Benavides testified to the Warren Commission that he was driving in his 1958 Chevrolet pickup truck on 10th Street about fifteen feet from Officer Tippit’s stopped police car when he saw the first shot. Benavides
stopped his truck and ducked down to avoid being seen. He heard but did not see two more shots being fired. Benavides testified that after the shooting, he remained in his pickup truck for a few moments:
Mr. Belin
: All right, after you saw him [the shooter] turn the corner, what did you do?
Mr. Benavides
: After that, I set there for just a few minutes to kind of, I thought he [the shooter] went in back of the house or something. At the time, I thought maybe he might have lived in there and I didn’t want to get out and rush right up. He might start shooting again.
234
Benavides testified that a man he did not know helped him call the shooting into police headquarters using Tippit’s radio in the squad car:
Mr. Benavides
: Then I don’t know if I opened the car door back further than what it was or not, but anyway, I went in and pulled the radio and I mashed the button and told them that an officer had been shot, and I didn’t get an answer, so I said it again, and this guy asked me whereabouts all of a sudden, and I said on 10th Street. I couldn’t remember where it was at the time. So I looked up and I seen this number and I said 410 East 10th Street.
Mr. Belin
: You saw a number on the house then?
Mr. Benavides
: Yes.
Mr. Belin
: All right.
Mr. Benavides
. Then he started to—then I don’t know what he said; but I put the radio back. I mean, the microphone back up, and this other guy was standing there, so I got out of the car, and I don’t know, I wasn’t sure if he heard me, and the other guy sat down in the car.
Mr. Belin
: There was another passerby that stopped?
Mr. Benavides
: Yes, sir.
Mr. Belin
: Who was he, do you know?
Mr. Benavides
: I couldn’t tell you. I don’t know who he was.
Mr. Belin
: Was he driving a car or walking?
Mr. Benavides
: I don’t know. He was just standing there whenever I looked up. He was standing at the door of the car, and I don’t know what he said to the officer or the phone, but the officer told him to keep the line clear, or something, and stay off the phone, or something like that. That he already knew about it.
235
Again, Mark Lane focused on the timeline. “Although the radio call was recorded on tape between 1:15 and 1:16 p.m., it is certain that several minutes elapsed between the murder and the time when the radio was first used to contact the police, whether by Benavides or Bowley, as the testimony of both clearly indicates.” Lane estimated that Earlene Roberts saw Oswald standing at the bus stop at 1:04 p.m.
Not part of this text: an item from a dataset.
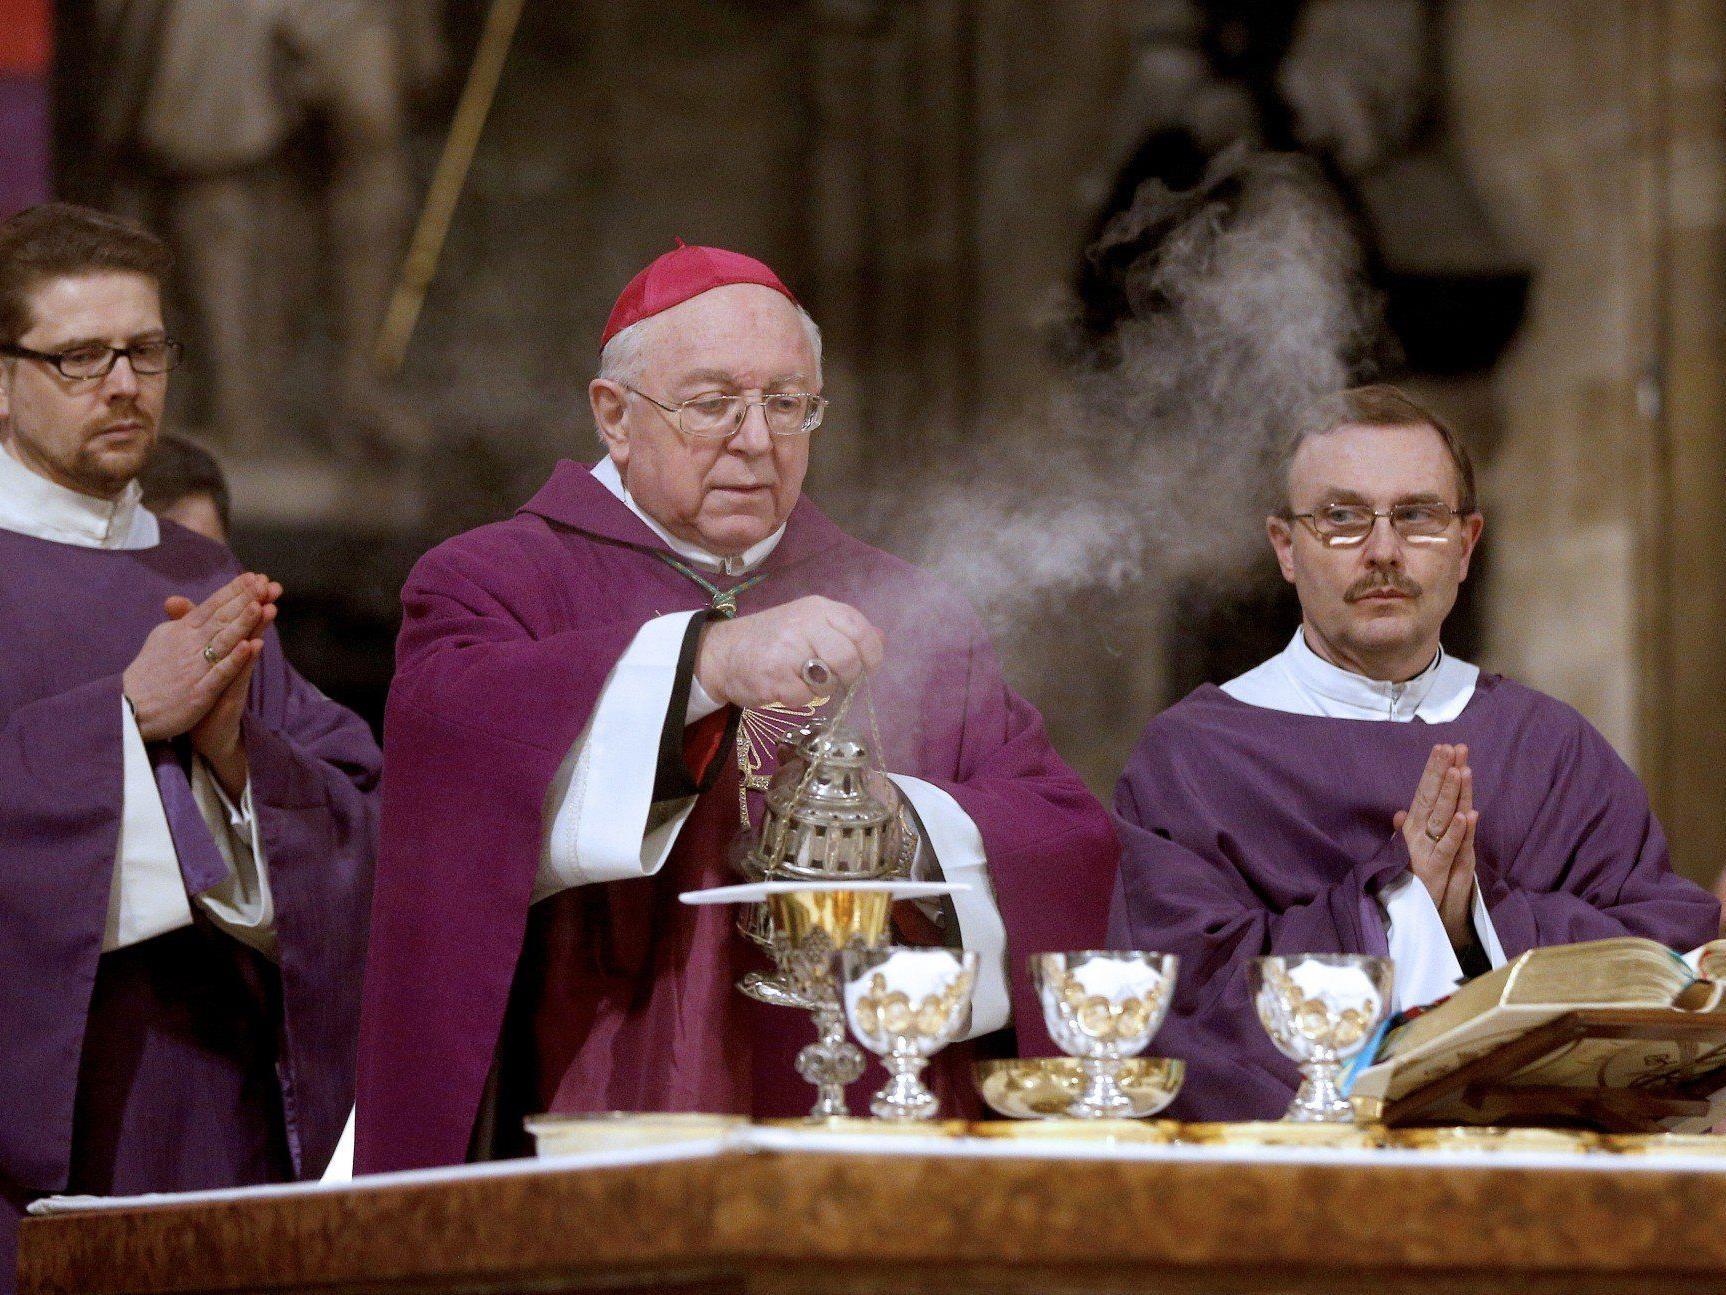 Papst tritt zurück: Dankmesse am 28. Februar im Wiener Stephansdom

He calculated that the testimony of Benavides and Bowley put the Tippit murder at no later than 1:12 p.m. The distance between the bus stop and the 10th Street Tippit shooting was just under one mile. “The Commission should have concluded that the slaying took place between 1:08 and 1:12 p.m., but biased as I believe the Commission was toward reaching a finding consistent with Oswald’s guilt, it set the time of the murder forward to 1:15 or 1:16 p.m.”
236
Sylvia Meagher, in her 1967 book,
Accessories After the Fact
, is also very critical of the Warren Commission regarding the Tippit murder timeline. “If the shooting of Tippit took place at 1:06 or 1:10 p.m., Oswald would have to be exonerated on the grounds that he could not possibly have walked the nine-tenths of a mile from his rooming house, which he departed a few minutes after 1 p.m., in time to reach the scene,” she noted. “The Commission has estimated Oswald’s other walks (from the Book Depository to the bus and from the bus to the taxi) at one minute per block. At that rate, Oswald would have required 18 minutes to walk from his rooming house to the spot where Tippit was shot.”
237
Meagher further noted that no witness had come forward who saw Oswald walk from his rooming house at 1026 North Berkley to the East 10th Street and Patton Avenue location where Tippit was shot. There is no evidence Oswald took the shortest route; Warren Commission counsel David Belin re-enacted the route, with a stopwatch in hand, taking what he described
as the “long way around route,” finding the walk took 17 minutes and 45 seconds.
238
Meagher also noted the Warren Commission ignored the question where Oswald was going when he left the rooming house. “Indeed, the Commission has ignored the question of where Oswald was heading—if it
was
Oswald—when he was stopped by Tippit,” she wrote. “He had no known social or business contacts in that immediate area, but, as many critics of the Report have pointed out, Jack Ruby’s apartment was in the direction in which ‘Oswald’ was walking and only a few short blocks from the scene of the Tippit shooting.”
239
Even though he was the closest to the Tippit shooting, Benavides told police he could not identify the shooter; as a result, Benavides was never taken to Dallas Police headquarters to view Oswald in a line-up.
240
The only other eyewitness was Helen Markham, a waitress on her way to work when she saw the Tippit shooting. Sylvia Meagher pointed out that Markham lacked credibility, noting: “[Helen Markham] said that she was alone with Tippit for twenty minutes before an ambulance arrived, and that Tippit—who is said to have died instantaneously—tried to talk to her; she was in hysterics and somehow managed to leave her shoes on top of Tippit’s car; sedatives had to be administered before she was taken to view the line-up at about 4:30 p.m. on Friday.”